**What you will do:** Send back the line that contains "Audi RS3 looking for something different." and all lines following it through the end of the data below, exactly, omitting pictures.

**Collected material:**
────────────────────────────────────────
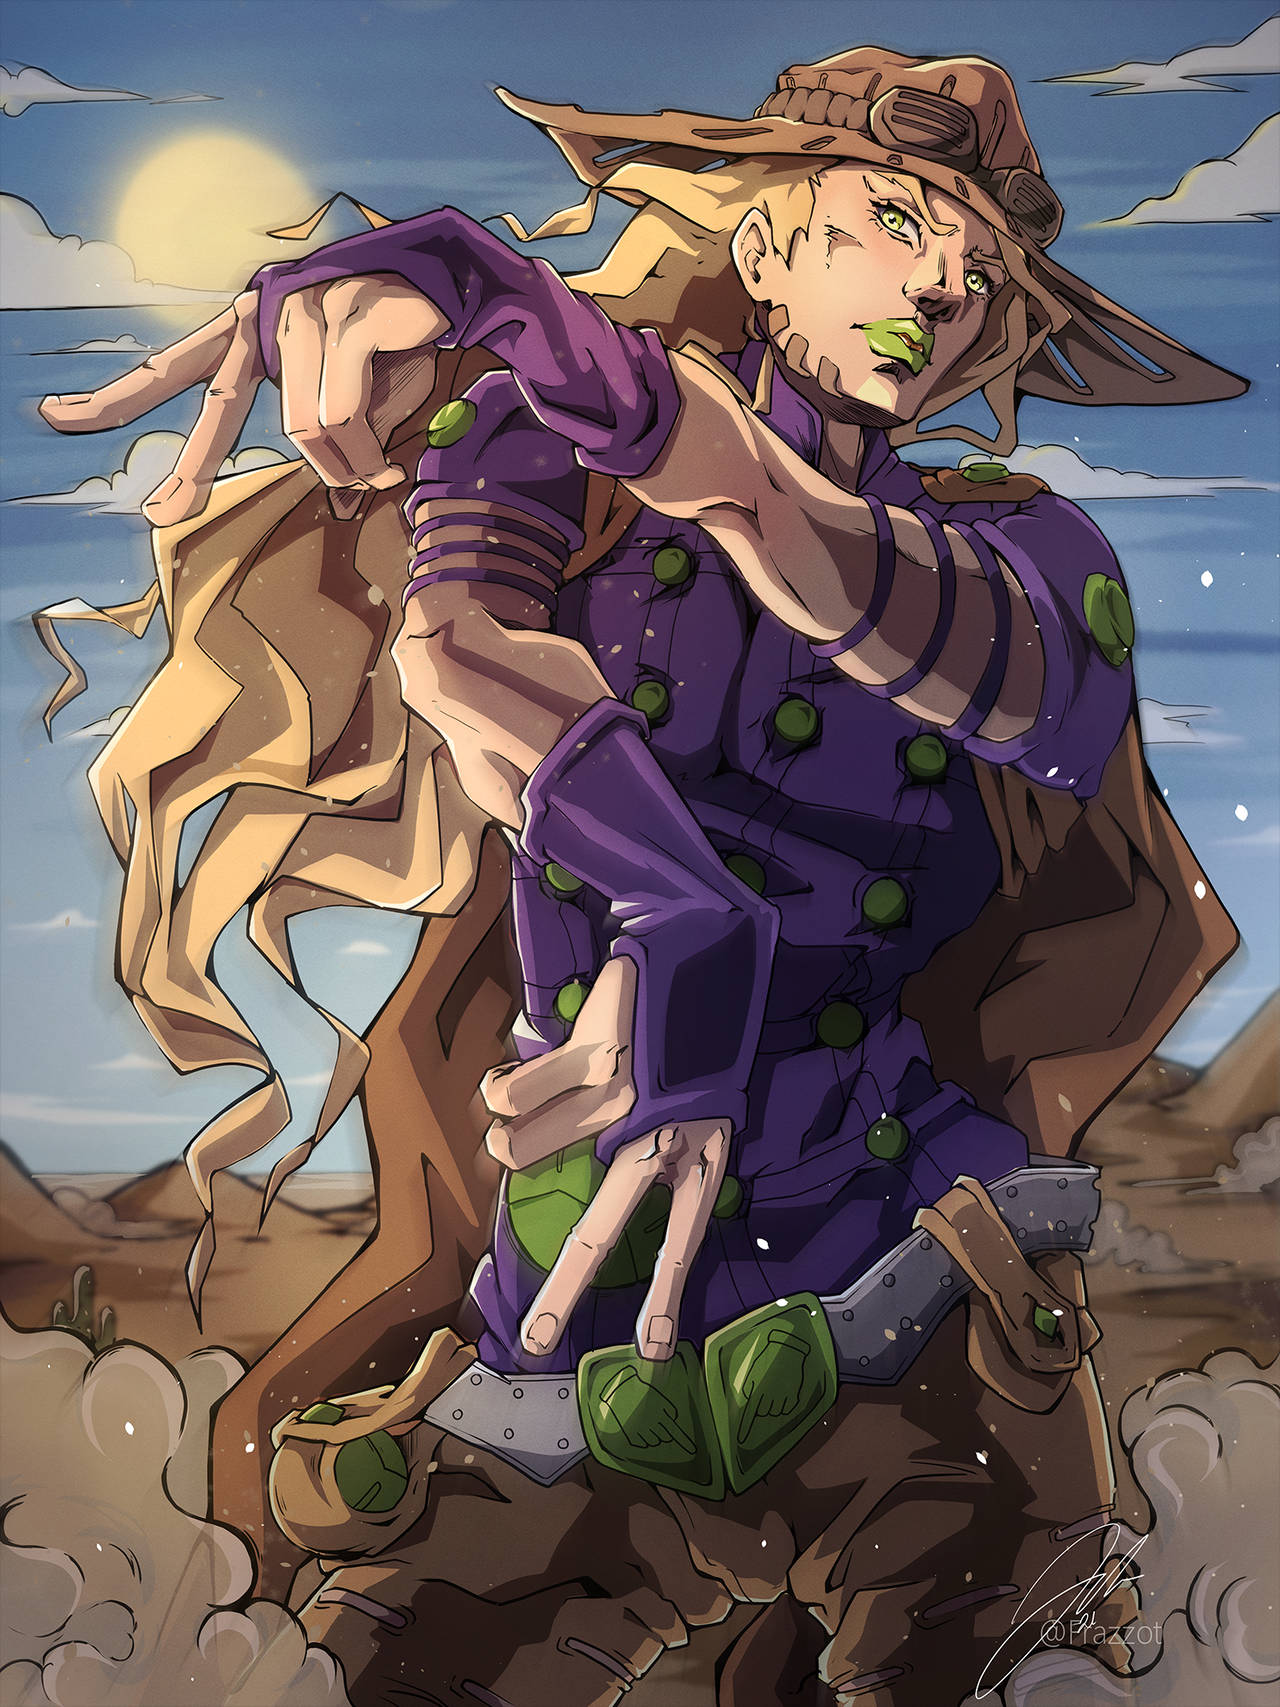 Gyro Zeppeli wallpaper by FEELQUEEN  Download on ZEDGE  a2ff
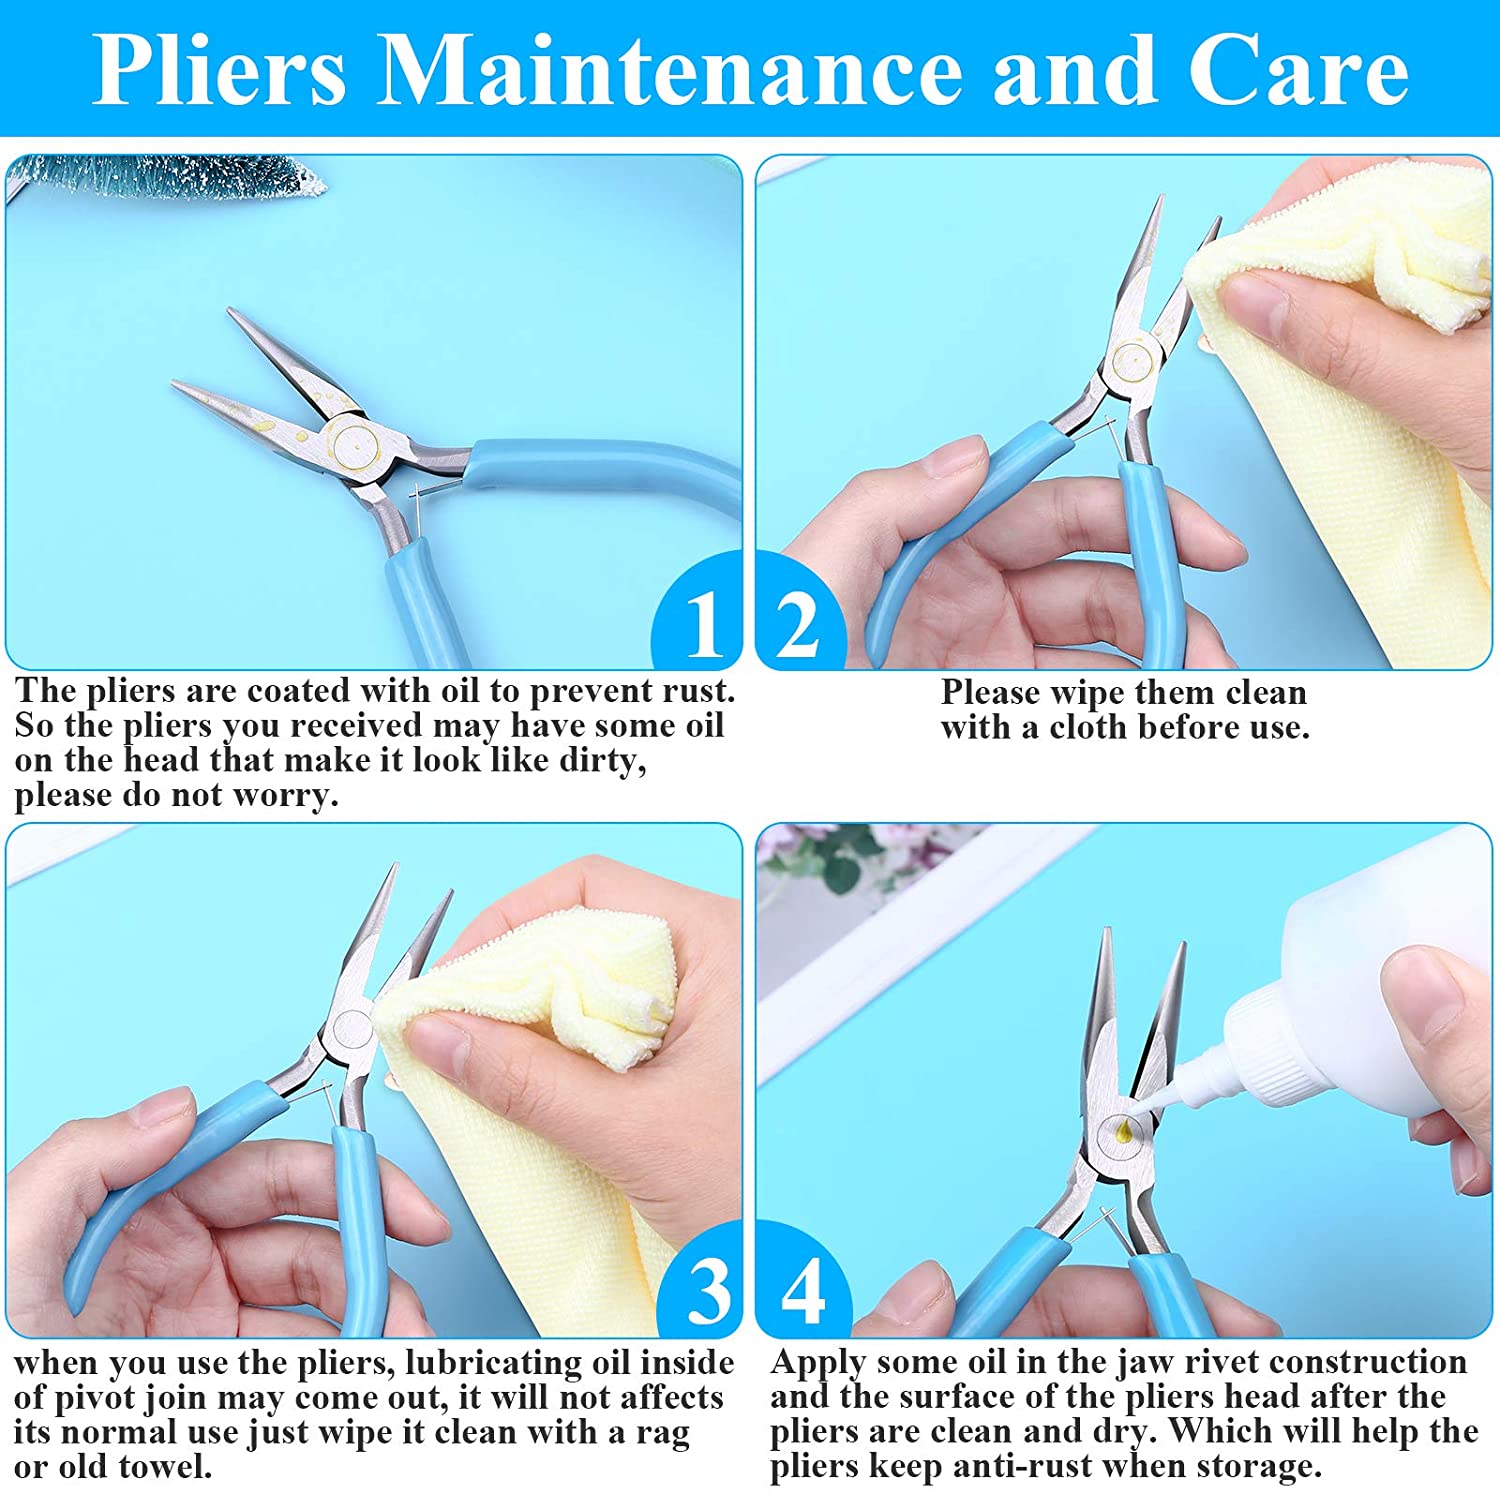 Jewelry Pliers, 3pcs Jewelry Making Pliers Tools with Needle Nose Pliers/Chain Nose Pliers, Round Nose Pliers and Wire Cutter for Jewelry Repair, Wire
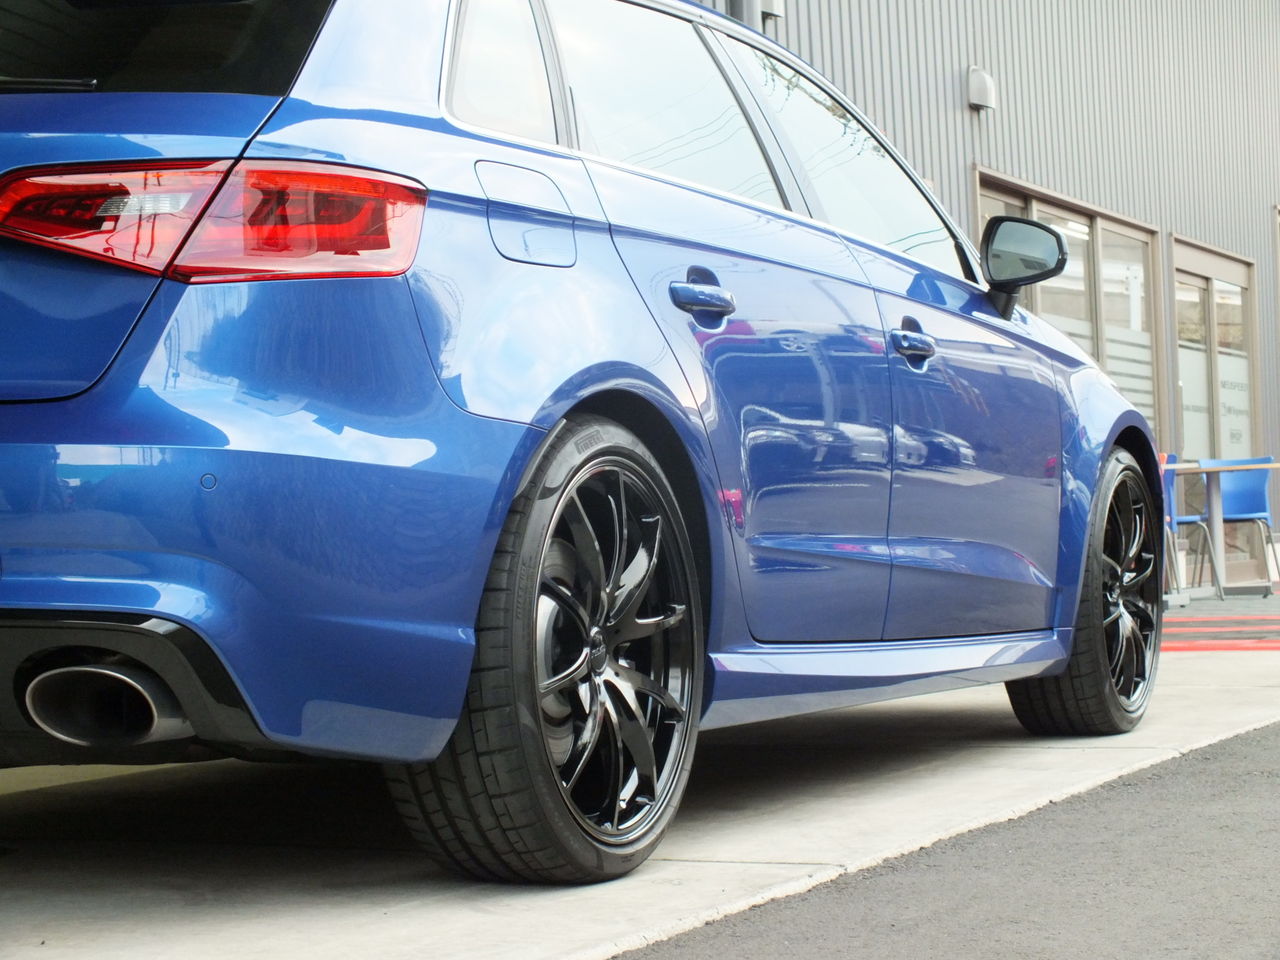 Audi RS3 looking for something different.
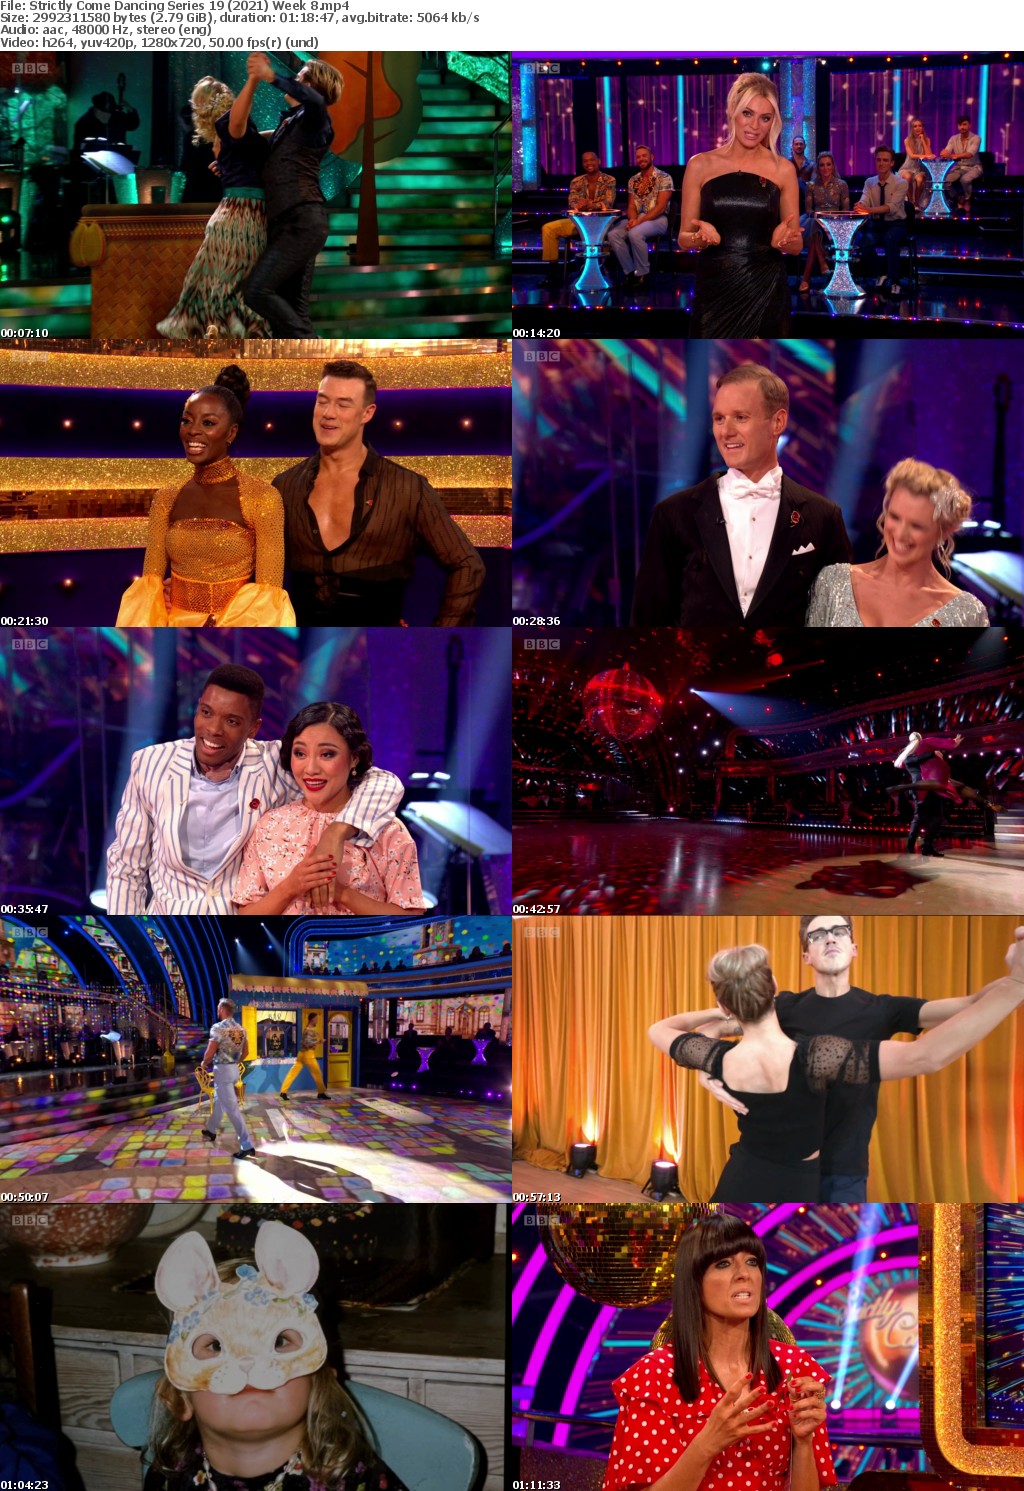 Strictly Come Dancing Series 19 (2021) Week 8 (1280x720p HD, 50fps, soft Eng subs)
────────────────────────────────────────
**Response:**
 Audi RS3 looking for something different.
 Strictly Come Dancing Series 19 (2021) Week 8 (1280x720p HD, 50fps, soft Eng subs)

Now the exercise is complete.